Analysis methodology
Hardware and software
Run rules
Setting targets
Tuning, measurement, and analysis
Exit strategy
Benchmarks
Benchmark descriptions
Benchmark results
Summary
Resources
About the authors

The Linux operating system is one of the most successful open source projects to date. Linux exhibits high reliability as a Web server operating system, and it has significant market share in this market. Web servers are typically low-end to midrange systems with up to 4-way symmetric multiple processors (SMP); enterprise-level systems have more complex requirements, such as larger processor counts and I/O configurations and significant memory and bandwidth requirements. In order for Linux to be enterprise-ready and commercially viable in the SMP market, its SMP scalability, disk and network I/O performance, scheduler, and virtual memory manager must be improved relative to commercial UNIX systems.

The Linux Scalability Effort (LSE) (see Resources for a link) is an open source project that addresses these Linux kernel issues for enterprise class machines, with 8-way scalability and beyond.

The IBM Linux Technology Center's (LTC) Linux Performance Team (see Resources for a link) actively participates in the LSE effort. In addition, their objective is to make Linux better by improving Linux kernel performance with special emphasis on SMP scalability.

This article describes the strategy and methodology used by the team for measuring, analyzing, and improving the performance and scalability of the Linux kernel, focusing on platform-independent issues. A suite of benchmarks is used to accomplish this task. The benchmarks provide coverage for a diverse set of workloads, including Web serving, database, and file serving. In addition, we show the various components of the kernel (disk I/O subsystem, for example) that are stressed by each benchmark.

Analysis methodology

Here we discuss the analysis methodology we used to quantify Linux performance for SMP scalability. If you prefer, you can skip ahead to the section.

Our strategy for improving Linux performance and scalability includes running several industry accepted and component-level benchmarks, selecting the appropriate hardware and software, developing benchmark run rules, setting performance and scalability targets, and measuring, analyzing and improving performance and scalability. These processes are detailed in this section.

Performance is defined as raw throughput on a uniprocessor (UP) or SMP. We distinguish between SMP scalability (CPUs) and resource scalability (number of network connections, for example).

Hardware and software

The architecture used for the majority of this work is IA-32 (in other words, x86), from one to eight processors. We also study the issues associated with future use of non-uniform memory access (NUMA) IA-32 and NUMA IA-64 architectures. The selection of hardware typically aligns with the selection of the benchmark and the associated workload. The selection of software aligns with IBM's Linux middleware strategy and/or open source middleware. For example:

Database
We use a query database benchmark, and the hardware is an 8-way SMP system with a large disk configuration. IBM DB2 for Linux is the database software used, and the SCSI controllers are IBM ServeRAID 4H. The database is targeted for 8-way SMP.
SMB file serving
The benchmark is NetBench and the hardware is a 4-way SMP system with as many as 48 clients driving the SMP server.
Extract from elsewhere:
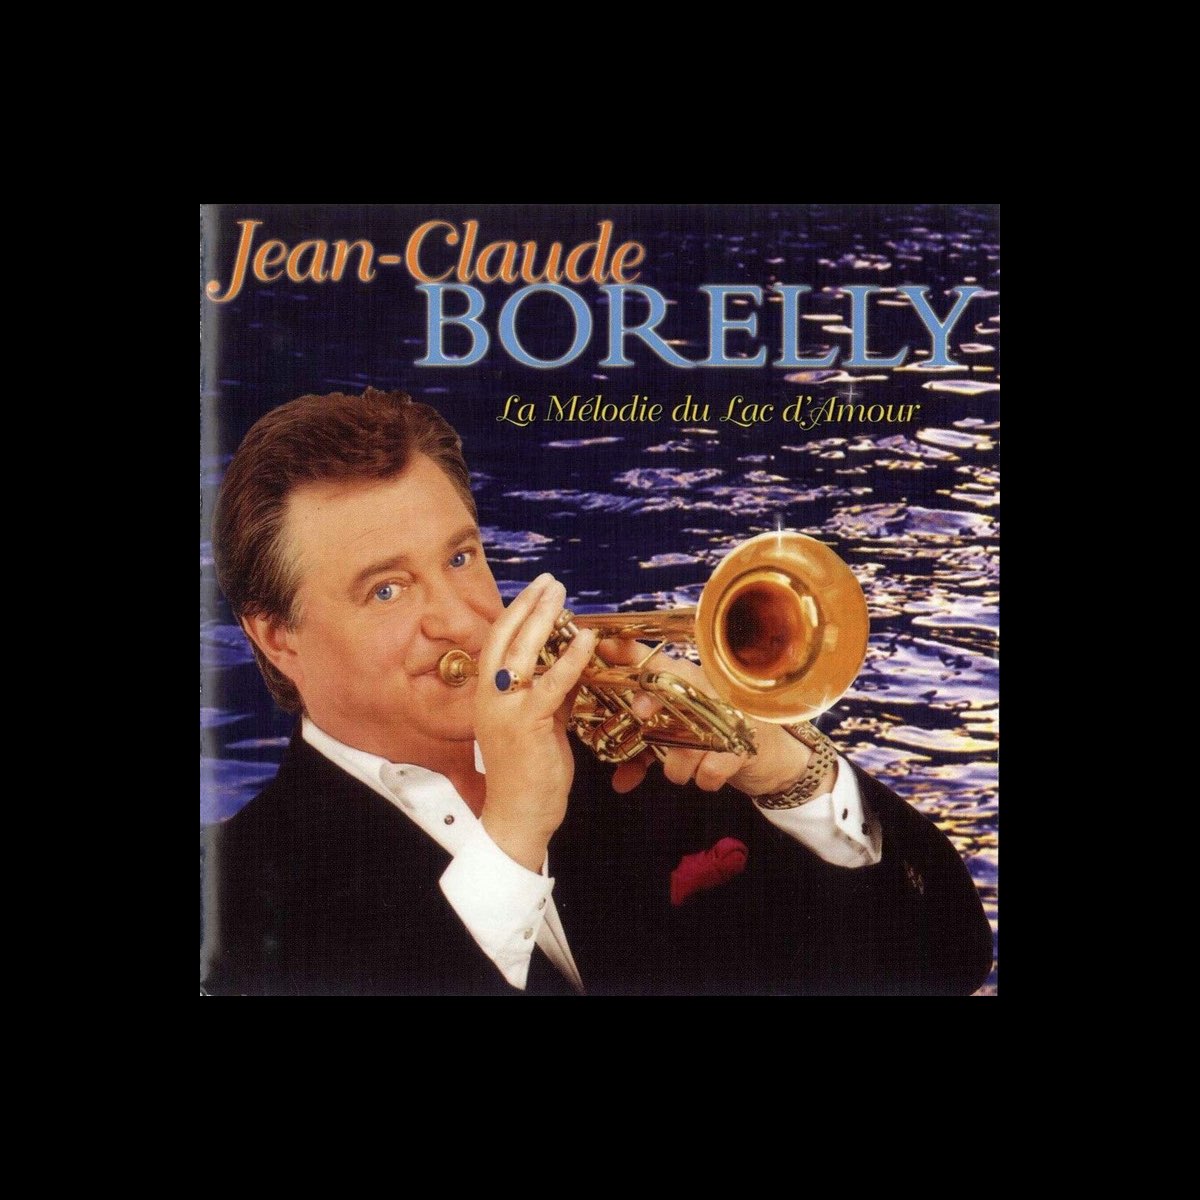 La mélodie du lac d'amour – Album par Jean Claude Borelly – Apple Music

The middleware is Samba (open source). SMB file serving is targeted for 4-way SMP.
Web serving
The benchmark is SPECweb99, and the hardware is an 8-way with a large memory configuration and as many as 32 clients. The benchmarking was conducted for research purposes only and was non-compliant (more on this in the Benchmarks section). The Web server is Apache, which is the basis for the IBM HTTP Server. We chose an 8-way in order to investigate scalability, and we chose Apache because it enables the measurement and analysis of next generation posix threads (NGPT) (see Resources). In addition, it is open source and the most popular Web server.
Linux kernel version
The level of the Linux kernel.org kernel (2.2.x, 2.4.x, or 2.5.x) used is benchmark dependent; this is discussed further in the Benchmarks section. The Linux distribution selected is Red Hat 7.1 or 7.2 in order to simplify our administration. Our focus is kernel performance, not the performance of the distribution: we replaced the Red Hat kernel with one from kernel.org along with the patches we evaluated.

Run rules

During benchmark setup, we developed run rules to detail how the benchmark is installed, configured, and run, and how results are to be interpreted. The run rules serve several purposes:

Define the metric that will be used to measure benchmark performance and scalability (for example, messages/sec).
Ensure that the benchmark results are suitable for measuring the performance and scalability of the workload and kernel components.
Provide a documented set of instructions that will allow others to repeat the performance tests.
Define the set of data that is collected so that performance and scalability of the System Under Test (SUT) can be analyzed to determine where bottlenecks exist.

Setting targets

Performance and scalability targets for a benchmark are associated with a specific SUT (hardware and software configuration). Setting performance and scalability targets requires the following:

Baseline measurements to determine the performance of the benchmark on the baseline kernel version. Baseline scalability is then calculated.
Initial performance analysis to determine a promising direction for performance gains (for example, a profile indicating the scheduler is very busy might suggest trying an O(1) scheduler).
Comparison of baseline results with similar published results (for example, find SPECweb99 publications on the same Web server on a similar 8-way from spec.org).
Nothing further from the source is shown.